Disney’s new Haunted Mansion is a hot mess, but it’s a sporadically entertaining one. Family-friendly horror-comedies have always been a tough subgenre: You need the scares to prove your horror bona fides, but go too far and the children will run screaming from the theater; rely too much on comedy and you’ll undermine the thrills. This one also comes with franchise expectations and a big price tag, as it’s based on a theme-park attraction. (It’s the second such attempt, actually. A tepid Eddie Murphy vehicle was made back in 2003.) That’s a lot to ask of any film. It’s amazing that anything in Haunted Mansion works, even if most of it doesn’t.
At first, the melancholy charisma of LaKeith Stanfield might not seem like an ideal fit for such material. But Haunted Mansion turns out at least partly to be about grief, and Stanfield lends a woebegone charm to Ben Matthias, a brilliant astrophysicist working with dark matter whose life falls apart after the death of his fiancée. Now, he half-heartedly leads ghost tour guides around New Orleans, which used to be her job. (As she notes in their opening scene together, they’re both trying to see the unseen.)

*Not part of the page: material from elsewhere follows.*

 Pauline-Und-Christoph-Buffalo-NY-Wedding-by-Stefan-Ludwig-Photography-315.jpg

Having once developed a lens that can photograph dark matter — a “ghost camera,†if you will — the grieving Ben is roped into helping Gabbie (Rosario Dawson), a single mom who has moved into an abandoned local mansion with her introverted son, Travis (Chase W. Dillon), only to discover that it’s crammed with ghosts. Our mopey hero doesn’t really want any part of this, but he bonds with the shy Travis, who misses his father and is ostracized at school. Also, they’re basically trapped: Once the ghosts in the mansion come into contact with you, it seems, they follow you around, as Ben discovers when he returns to his apartment and finds it turned into a raging ocean.
The team grows to include Father Kent (Owen Wilson), a dodgy exorcist; Harriet (Tiffany Haddish), a clumsy psychic; and Professor Bruce Davis (Danny DeVito), a hibachi-happy historian who happens to be an expert in haunted houses. That’s a game cast, and when the film leaves them to their devices, a certain camaraderie peeks through. The actors seem to be having fun with one another, and their energy occasionally carries over to us as well. Stanfield and Wilson in particular make a fun comic duo.

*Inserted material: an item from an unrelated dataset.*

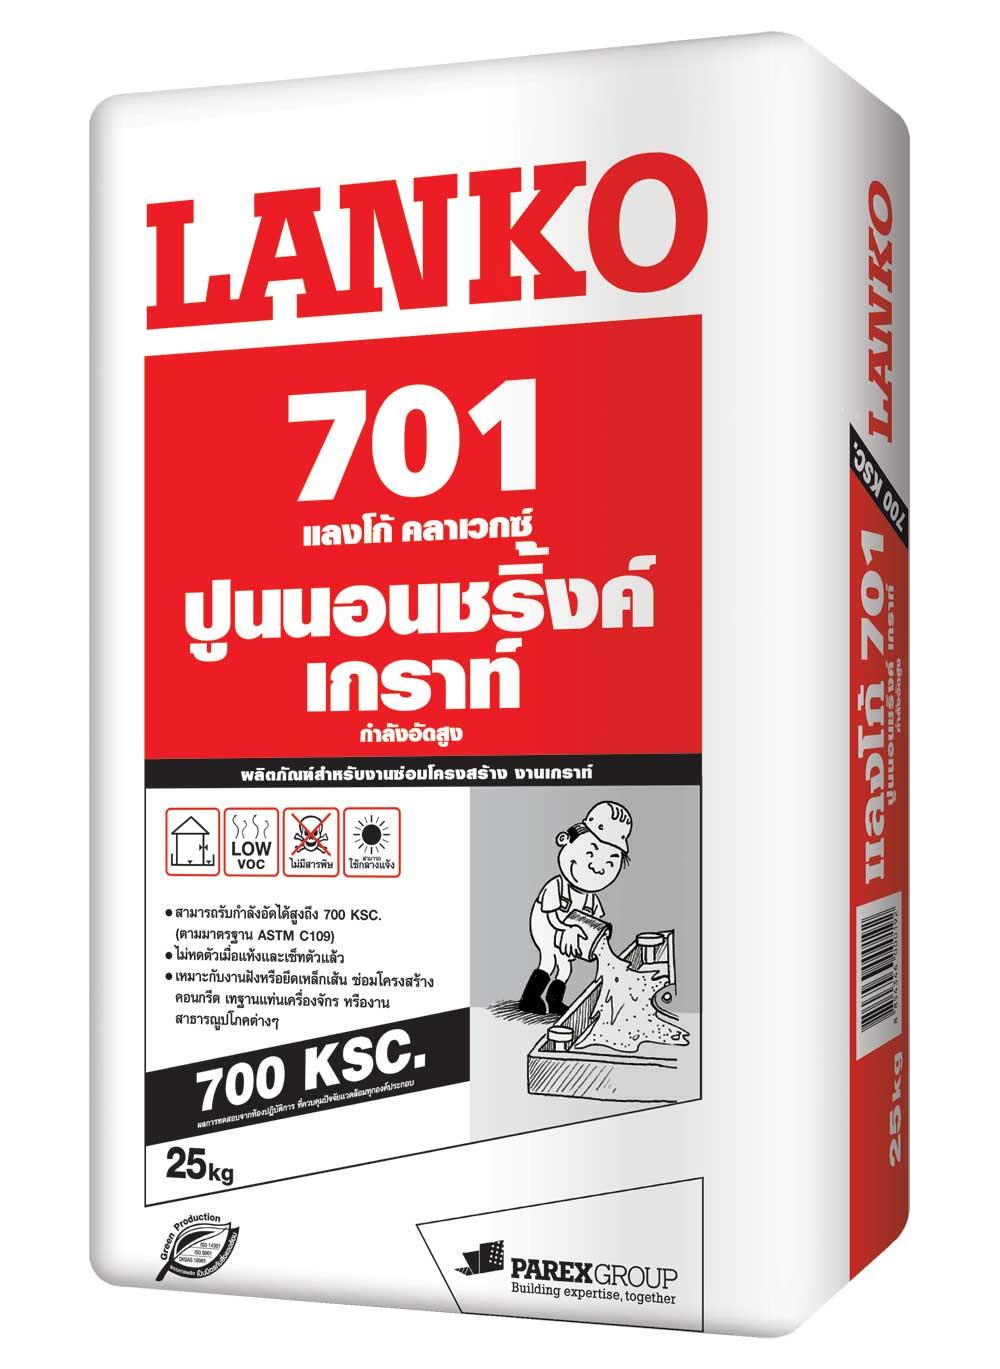 LANKO 701 CLAVEX ปูนนอนชริ๊งค์เกราท์ รับกำลังอัดสูง

Other times, however, Haunted Mansion falls prey to the same problem as a lot of VFX-driven horror movies, which is that the actors don’t always look like they know what they’re supposed to be reacting to. (Wilson is an old hand at this; he was in 1999’s bombastically slapdash The Haunting, exhibit A in this category.) Here the issue is further complicated by the fact that there’s little tension around whether there are ghosts in the house; the place is literally swimming in them. That’s an interesting idea — a good one for a kids’ movie — but the characters don’t so much interact with the ghosts as just sort of walk through and around them. Sometimes there’s a jump scare. Sometimes there’s a joke. Most of the time, there’s nothing. The wasted potential here is enough to make you scream.
The screenplay was written by Katie Dippold (The Heat, the 2016 Ghostbusters), but one can also sense the hand of director Justin Simien (whose Dear White People remains one of the great debut features of the past decade) in the growing paternal bond between Ben and Travis, and the way that emotional thread winds up paying off narratively. Alas, there’s not enough of that, either. Maybe Simien and Dippold pulled back of their own accord. Or maybe at some point Disney decided the company didn’t want anything too sincere or emotionally weighty in their giant theme-park movie. Either way, it’s a mistake: The movie has no core. Without characters to care for, Haunted Mansion is just a bunch of stuff.